Could you set down exactly the lines in the records below between the line holding "Bluetooth LE Spam apk installed" and the line holding "How to Profit", inclusive?

* Record extracts
»»

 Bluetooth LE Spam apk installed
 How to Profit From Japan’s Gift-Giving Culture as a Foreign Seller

««
»»

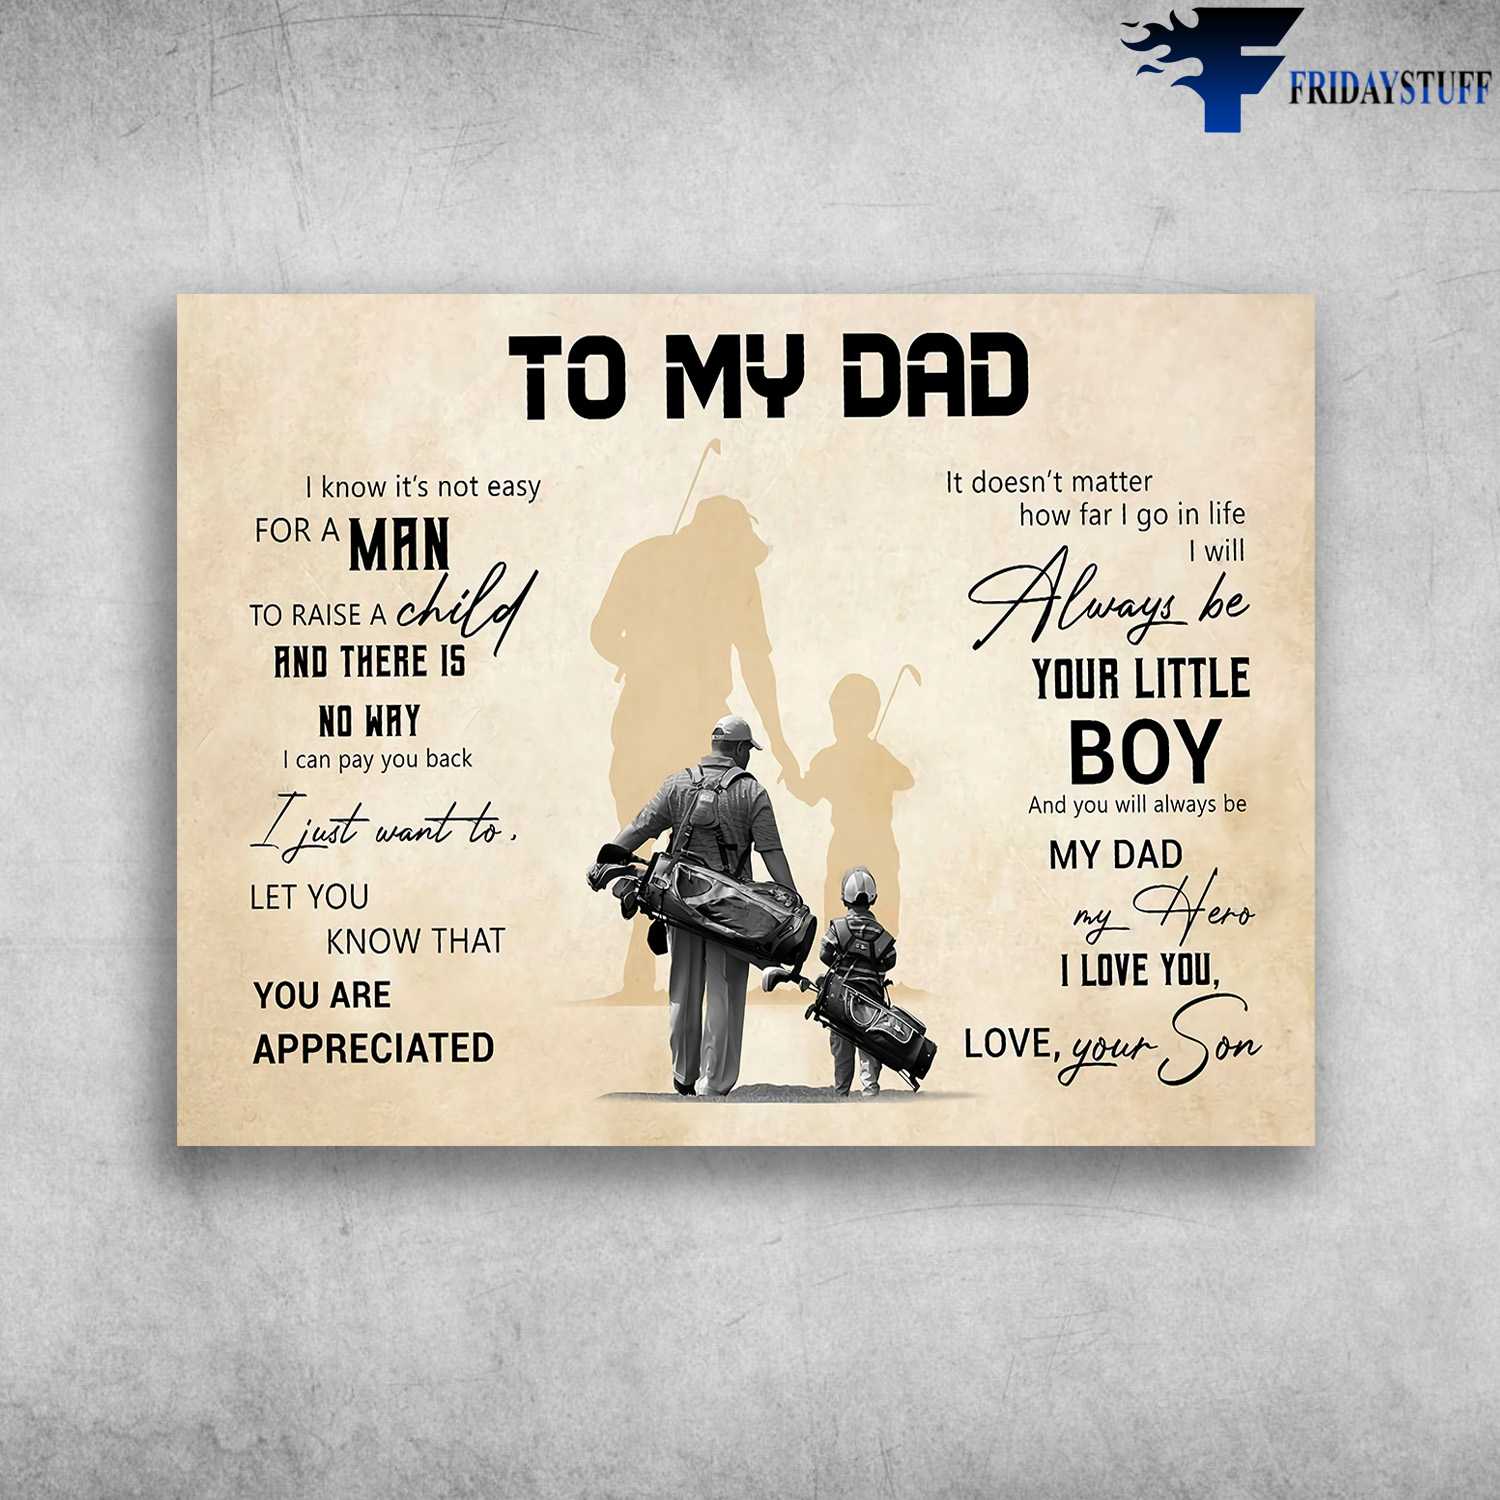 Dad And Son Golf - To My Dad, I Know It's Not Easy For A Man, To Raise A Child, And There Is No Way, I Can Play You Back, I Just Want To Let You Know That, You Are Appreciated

««

* Task response
 Bluetooth LE Spam apk installed
 How to Profit From Japan’s Gift-Giving Culture as a Foreign Seller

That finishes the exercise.